In 2017, the Shenzhen Institutes of Advanced Technology, Chinese Academy of Sciences, established the Center for Quantitative Synthetic Biology, first proposing the concept of the interdisciplinary discipline of quantitative synthetic biology. In 2020, the center was approved as an innovative cross-team and key laboratory of quantitative engineering biology by the Chinese Academy of Sciences. In 2021, China held the Quantitative Synthetic Biology Fragrant Hill Science Conference. In June 2023, the Shenzhen Advanced Institute was approved to establish a key laboratory of quantitative synthetic biology (Chinese Academy of Sciences). In this process, the new direction of quantitative synthetic biology has gradually gained recognition and attention from peers in the field. Domestic and international academic journals such as ACS Synthetic Biology, Quantitative Biology, "Science Bulletin," and "Synthetic Biology" have successively published special issues on "Quantitative Synthetic Biology"; the latest synthetic biology international conference—Synthesis, Engineering, Evolution, and Design (SEED)—has specially set up a symposium on "Modeling and Quantitative Synthetic Biology"; international research institutions such as Duke University in the United States and the TIGEM Institute in Italy have also begun to layout in the direction of "Quantitative Synthetic Biology."

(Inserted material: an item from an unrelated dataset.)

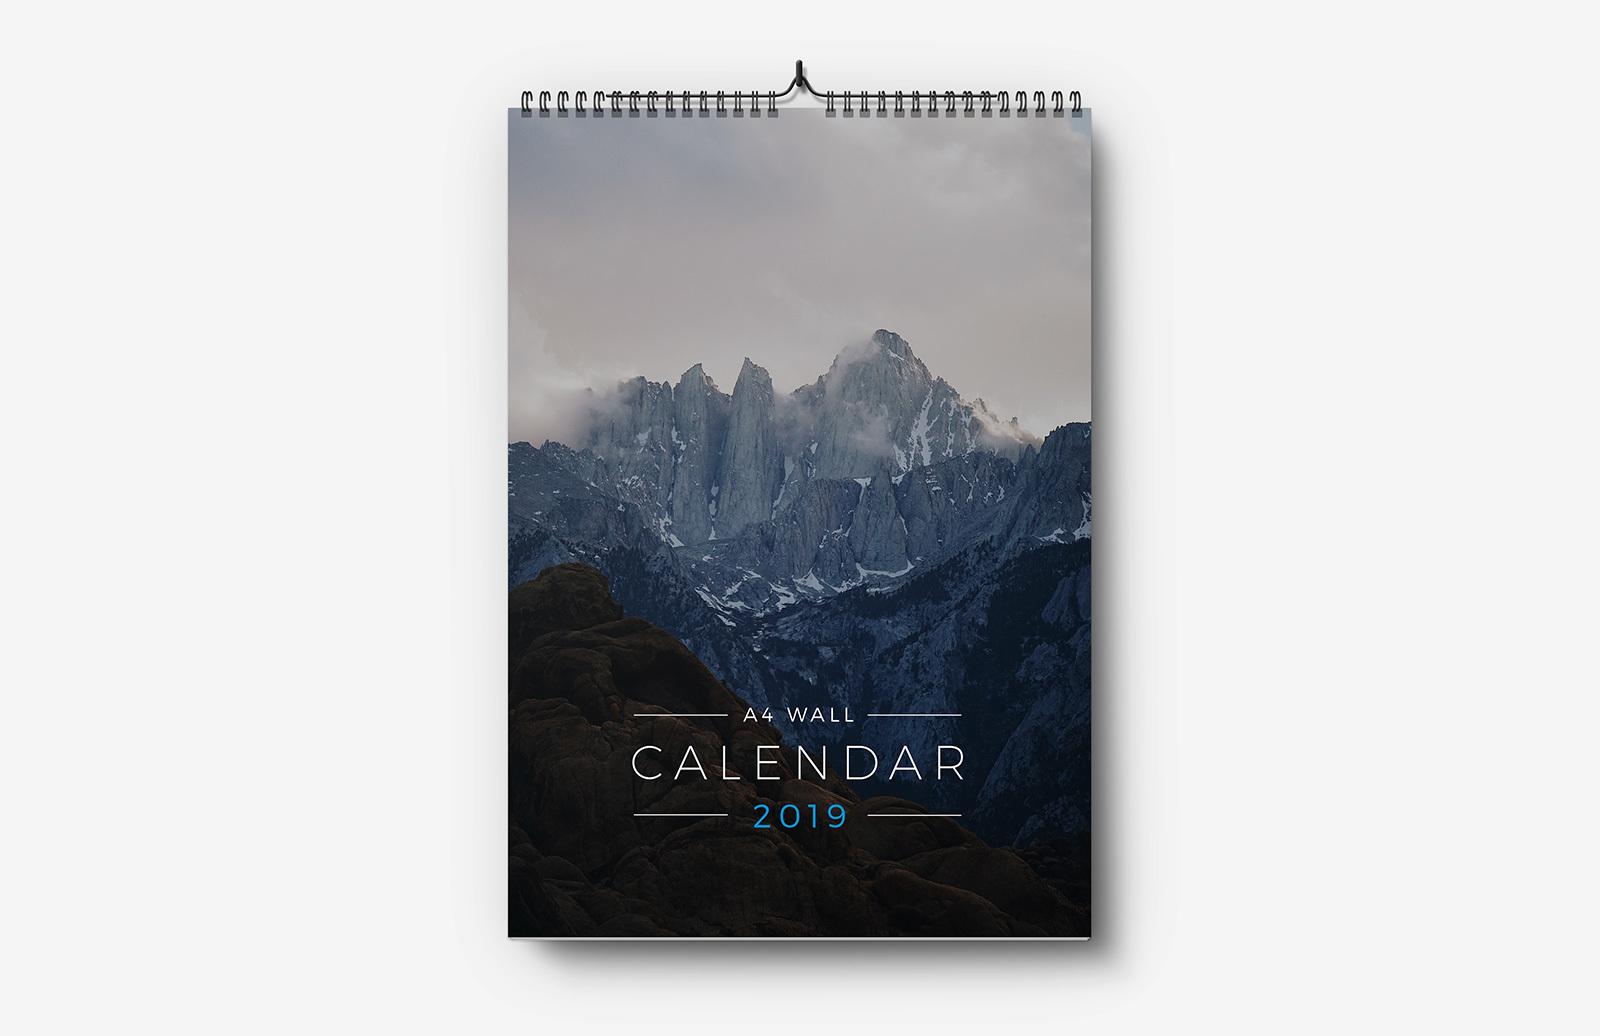 Free A4 Wall Calendar Template 2019

Dr. Liu Chenli from the Shenzhen Institutes of Advanced Technology, Chinese Academy of Sciences, and Dr. Zhao Guoping from the Center of Excellence for Molecular Plant Sciences, Chinese Academy of Sciences, are the co-corresponding authors of this article. Dr. Luo Nan, an associate researcher in Dr. Liu Chenli's group at the Shenzhen Institutes of Advanced Technology, is the first author. This work was supported by funding from multiple projects of the National Natural Science Foundation.